The special counsel would be assigned the duty of investigating and, where appropriate, prosecuting high government officials and would have a modest, permanent staff that could be expanded as needed to conduct specific investigations. This institutionalization of the office would help to develop consistent standards for investigative activities and decisions whether to prosecute. It would also eliminate the need for the attorney general to perform the potentially controversial (and unreviewable) initial screening function required under the present system.
The special counsel would be subject to removal at the discretion of the president, in the same manner as other federal prosecutors. If the court of appeals is correct, this element of accountability to the chief executive is constitutionally mandated. But even if it were not, it is a desirable limitation on what would otherwise be excessive prosecutive power. The specter of Watergate does not suggest a contrary conclusion.
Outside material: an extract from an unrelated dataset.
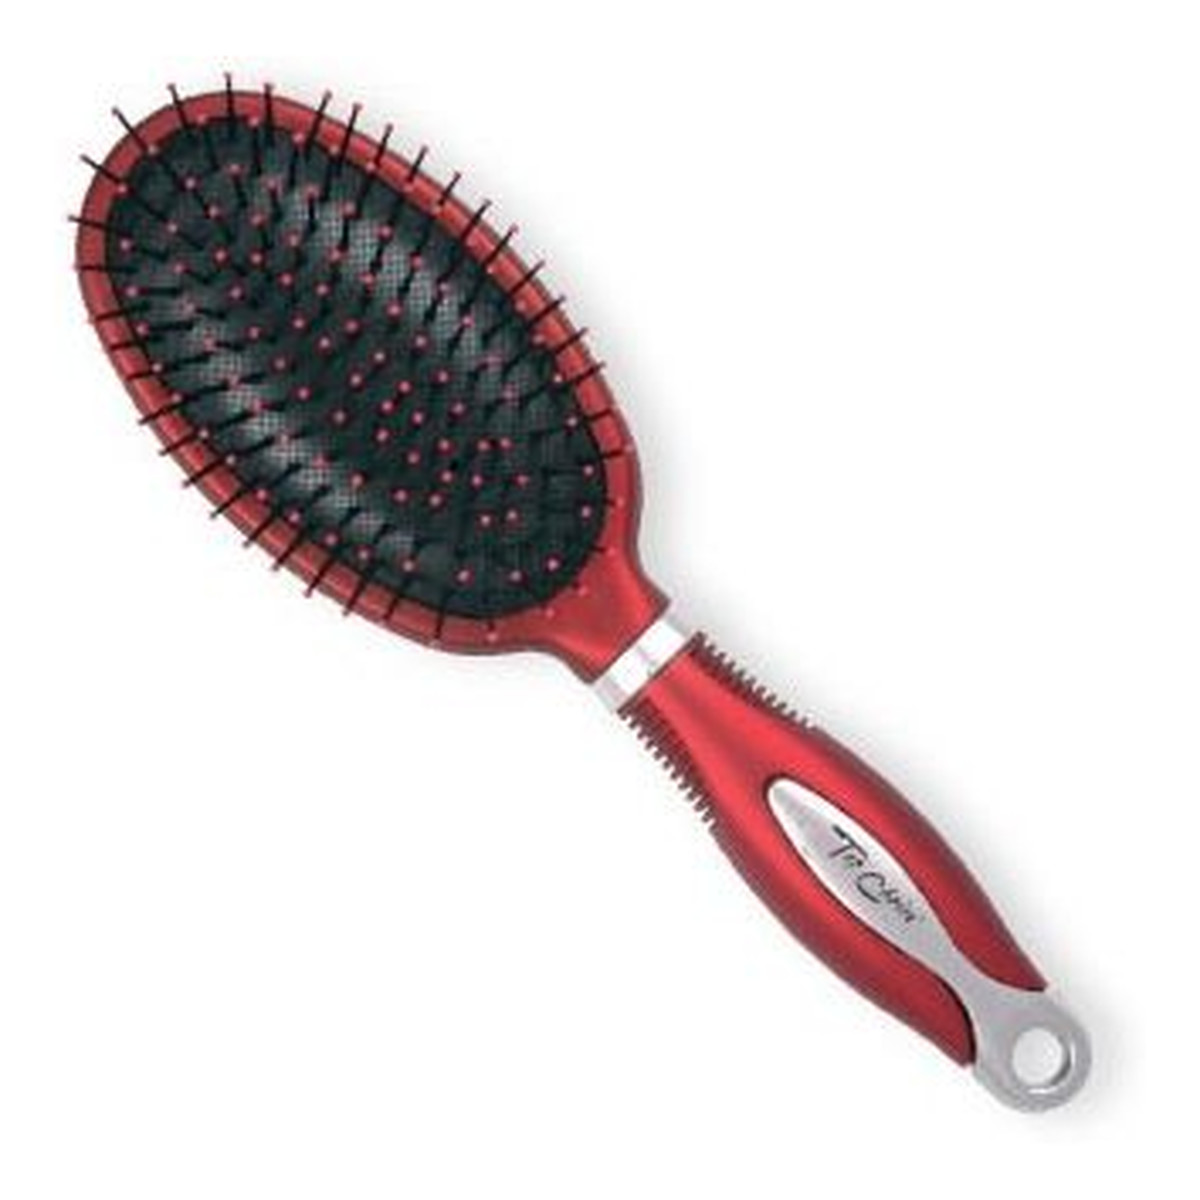 Top Choice Exclusive Hair Brush szczotka szeroka srebrno-burgundowa 1 szt.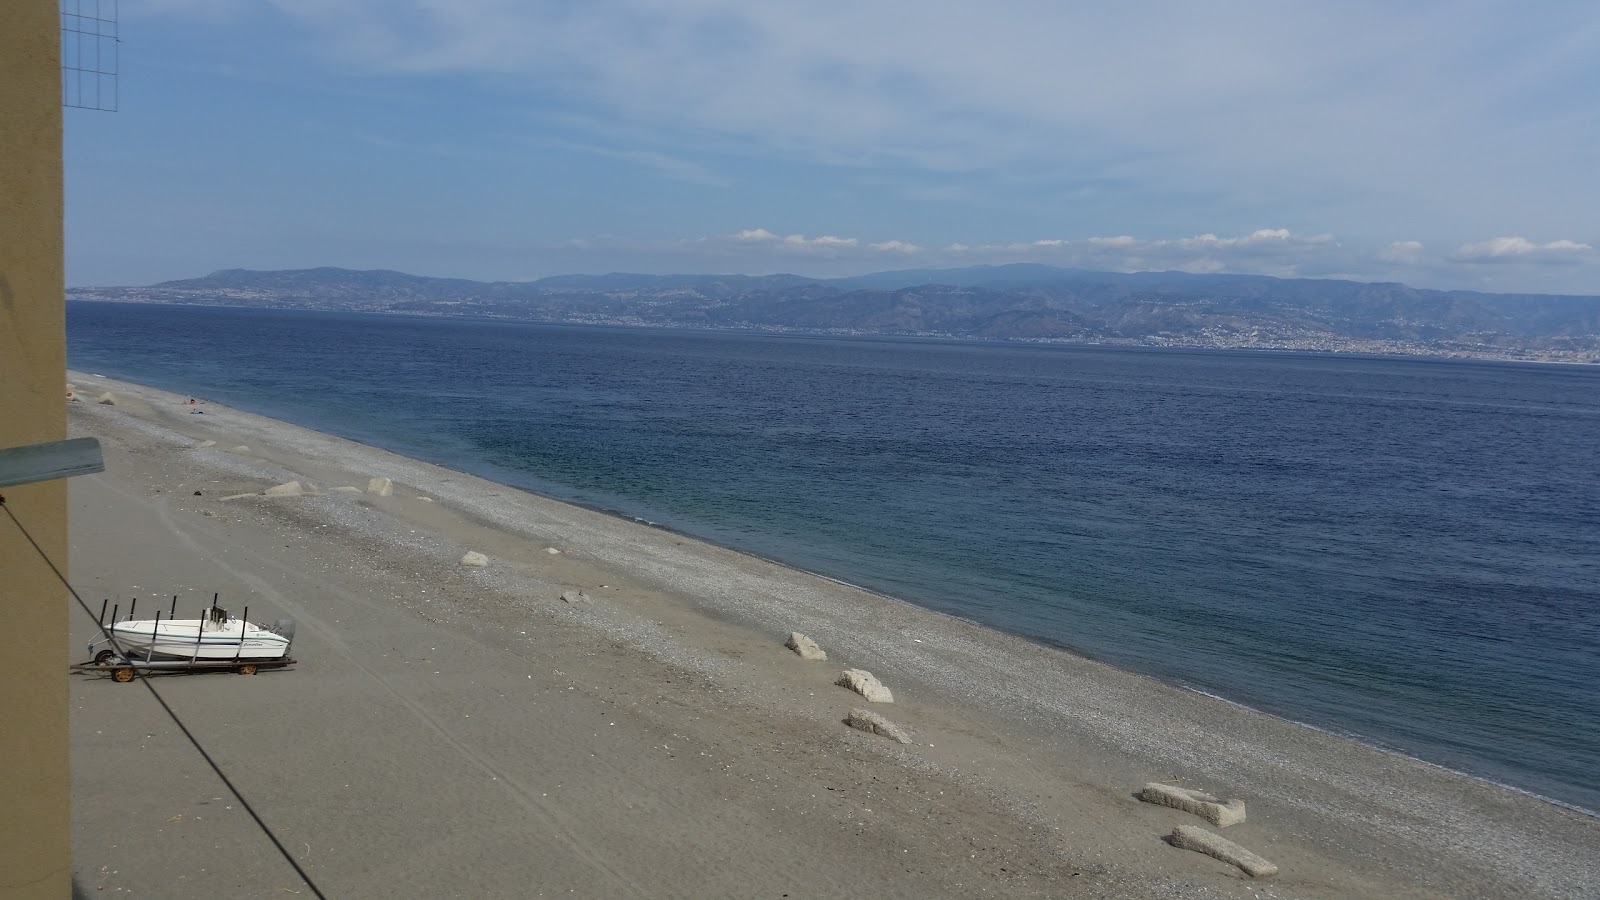 Zdjęcie Mili Marina beach II z powierzchnią szary kamyk

If anything, Watergate proves that a president who unjustifiably interferes with the special counsel's investigations would pay a heavy, and perhaps fatal, political price.
The office would be placed organizationally within the Department of Justice and, as the current statute also provides, would be expected to adhere generally to the rules and regulations that govern the department's ordinary enforcement of the criminal laws. On the other hand, it should be physically housed in its own, separate quarters so that an arm's-length relationship with the department is preserved.
We are confident that an Office of Special Counsel designed along these lines would maintain the kind of practical independence that is needed to inspire public confidence that justice will be administered impartially to high government officials. At the same time, the president's ultimate power of removal, and the continuing institutional responsibilities of the special counsel, would provide a needed check against a rogue prosecution that unjustly discriminates against its targets or threatens real injury to foreign policy, national security or other important interests of the nation.
The writers are Washington attorneys who served as deputy solicitors general. Mr. Geller also was a member of the Watergate Special Prosecution Force.